THE TASK:
Leave the pictures out, and transcribe the material below exactly from the line with "Groupe de médecins" to the line with "NEED MILLIES FOR MCLAREN", both lines included.

MATERIAL SUPPLIED:
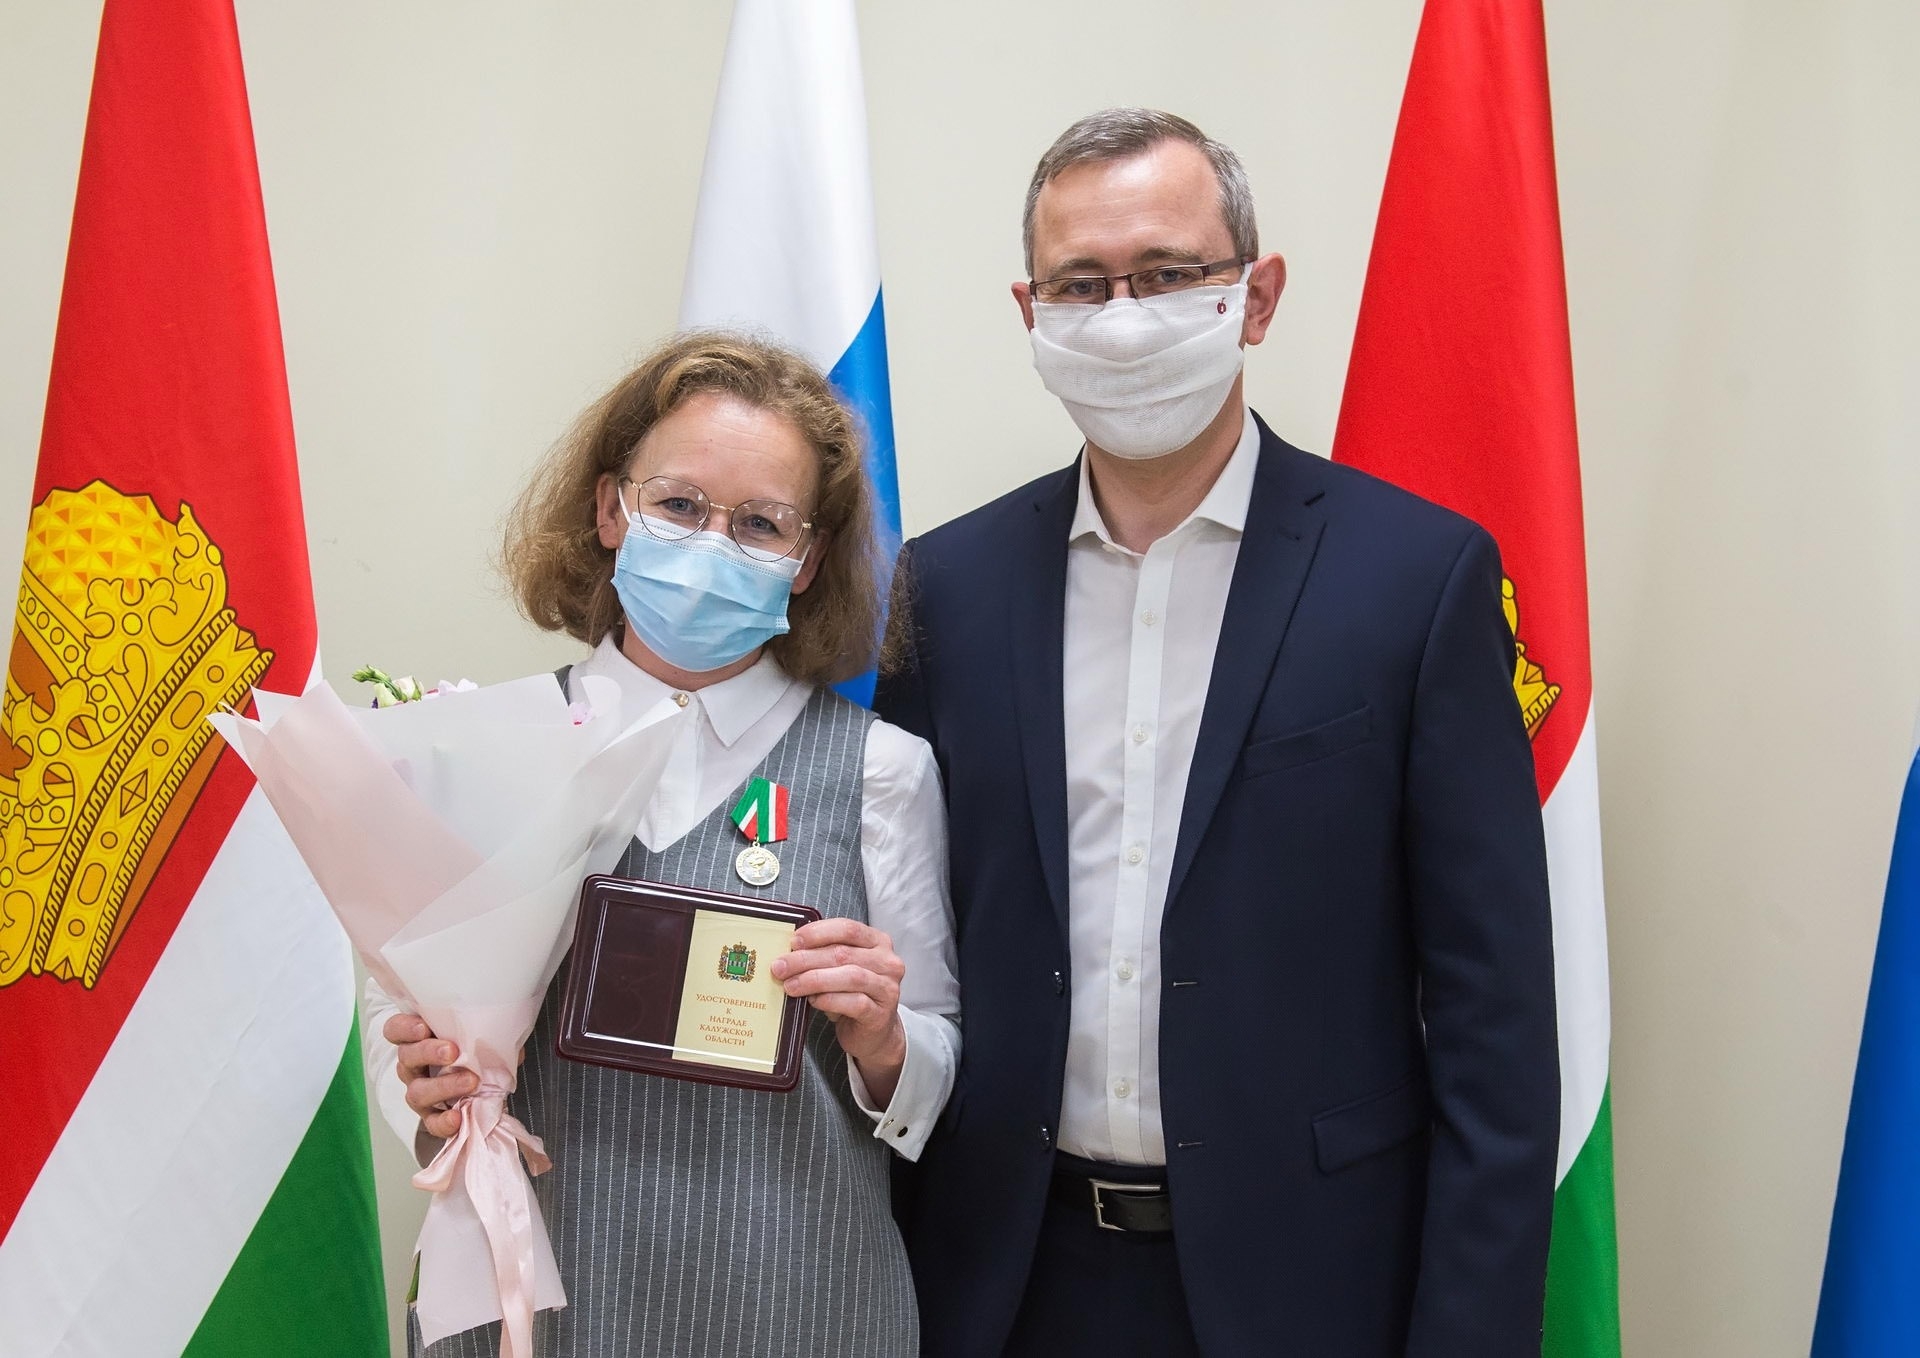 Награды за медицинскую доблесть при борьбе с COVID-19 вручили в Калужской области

---

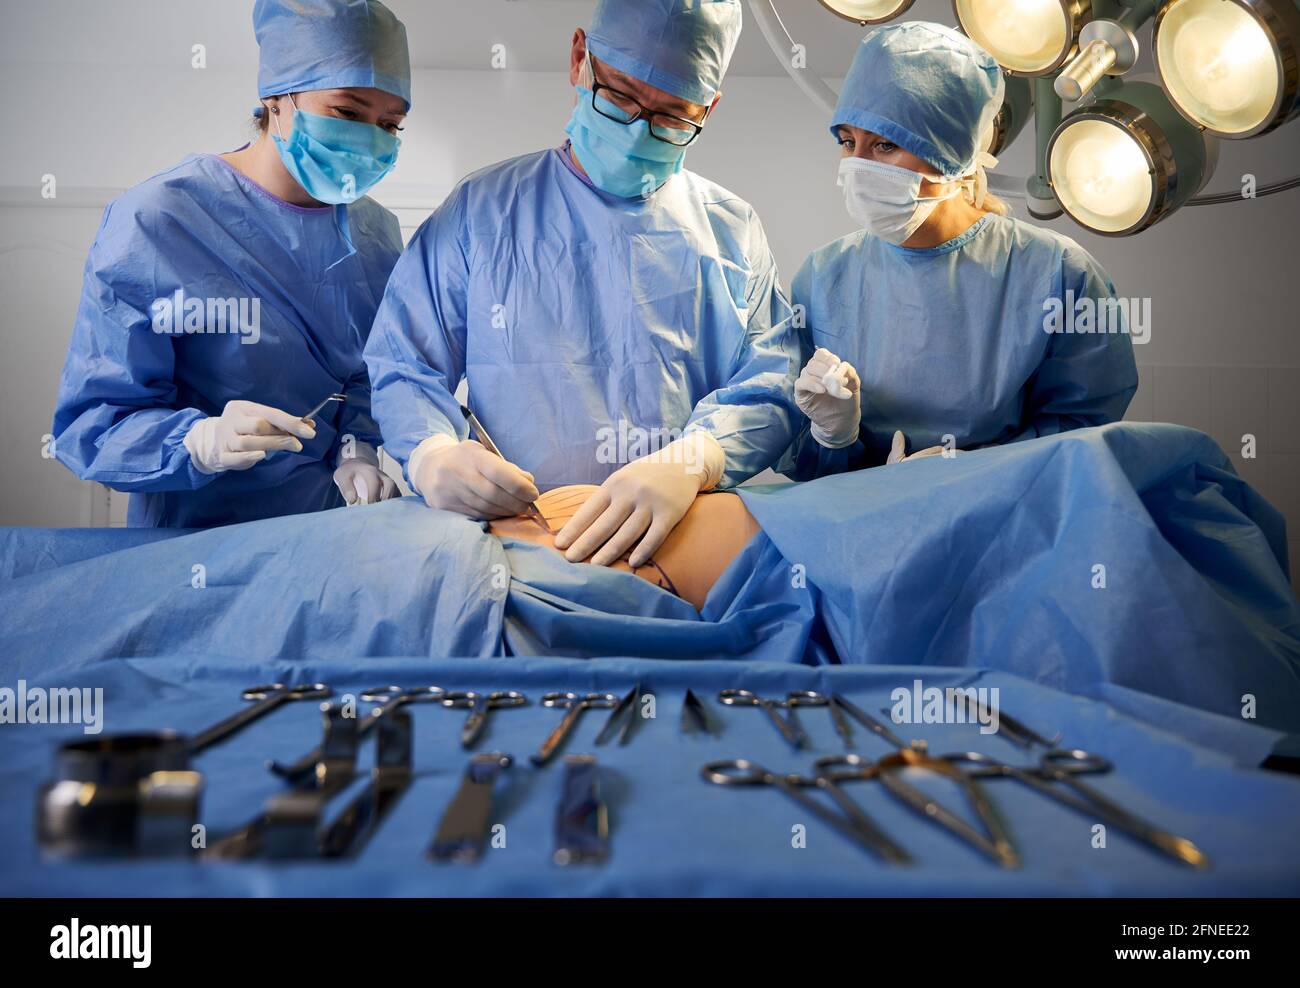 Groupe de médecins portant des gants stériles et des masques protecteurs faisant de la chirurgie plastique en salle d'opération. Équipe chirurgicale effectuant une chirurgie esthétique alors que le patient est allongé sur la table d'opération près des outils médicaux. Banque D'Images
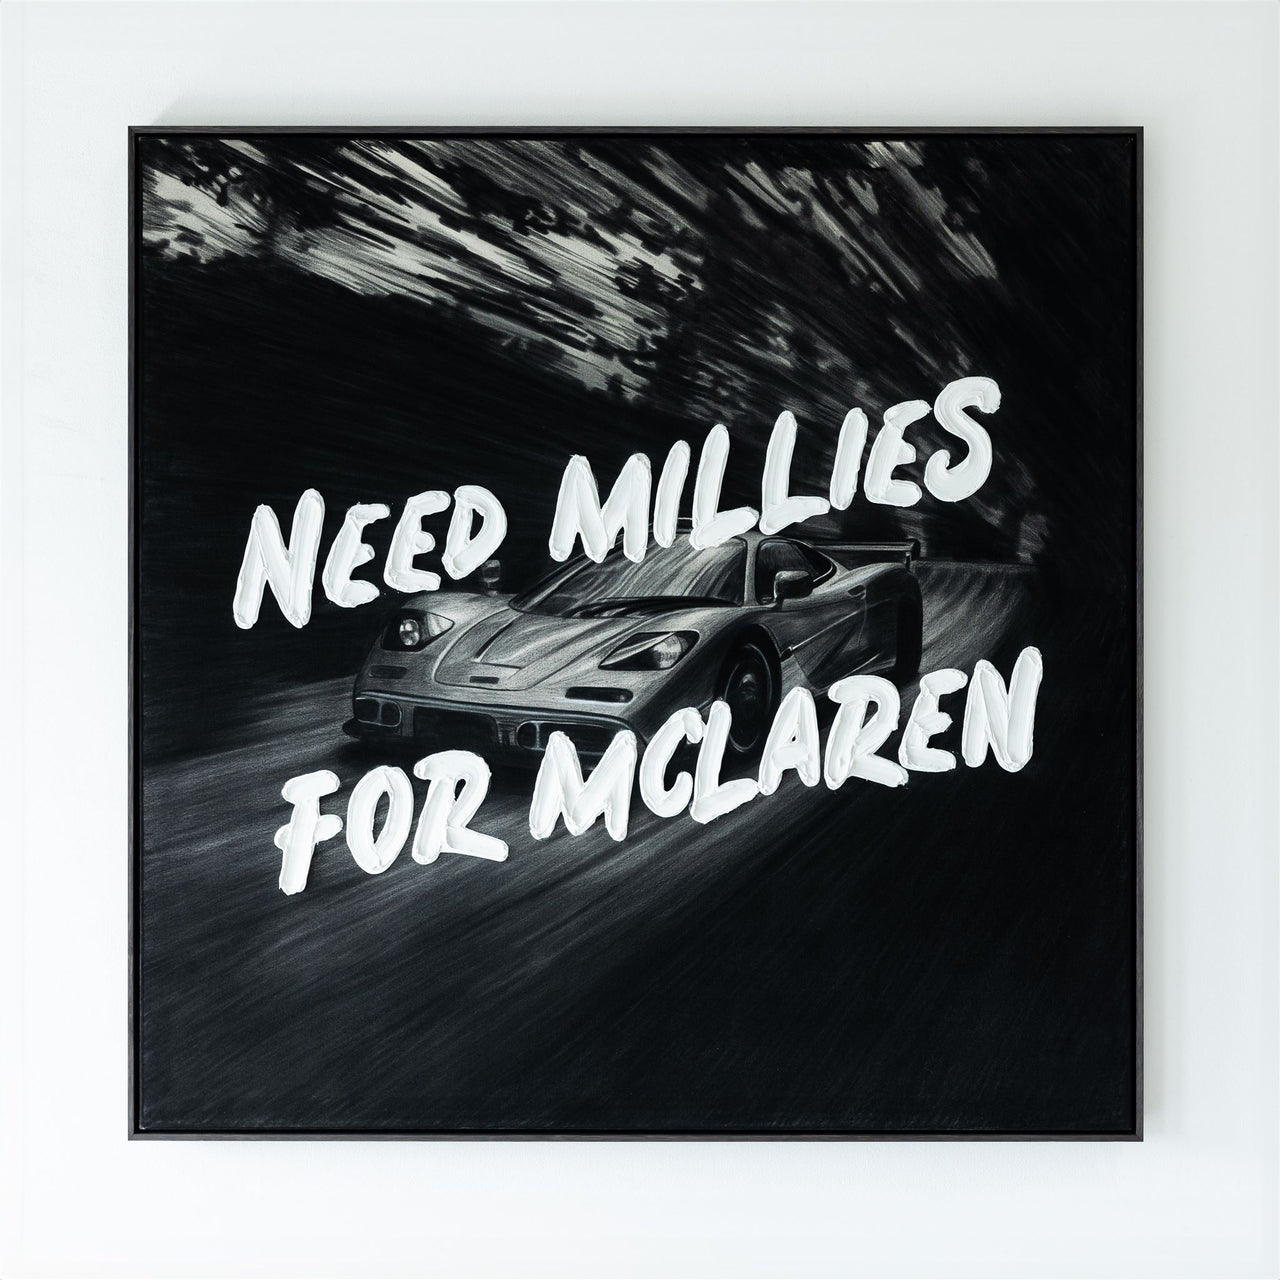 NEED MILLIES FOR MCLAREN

--

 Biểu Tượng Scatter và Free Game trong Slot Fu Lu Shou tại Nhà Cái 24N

ANSWER SECTION:
 Groupe de médecins portant des gants stériles et des masques protecteurs faisant de la chirurgie plastique en salle d'opération. Équipe chirurgicale effectuant une chirurgie esthétique alors que le patient est allongé sur la table d'opération près des outils médicaux. Banque D'Images
 NEED MILLIES FOR MCLAREN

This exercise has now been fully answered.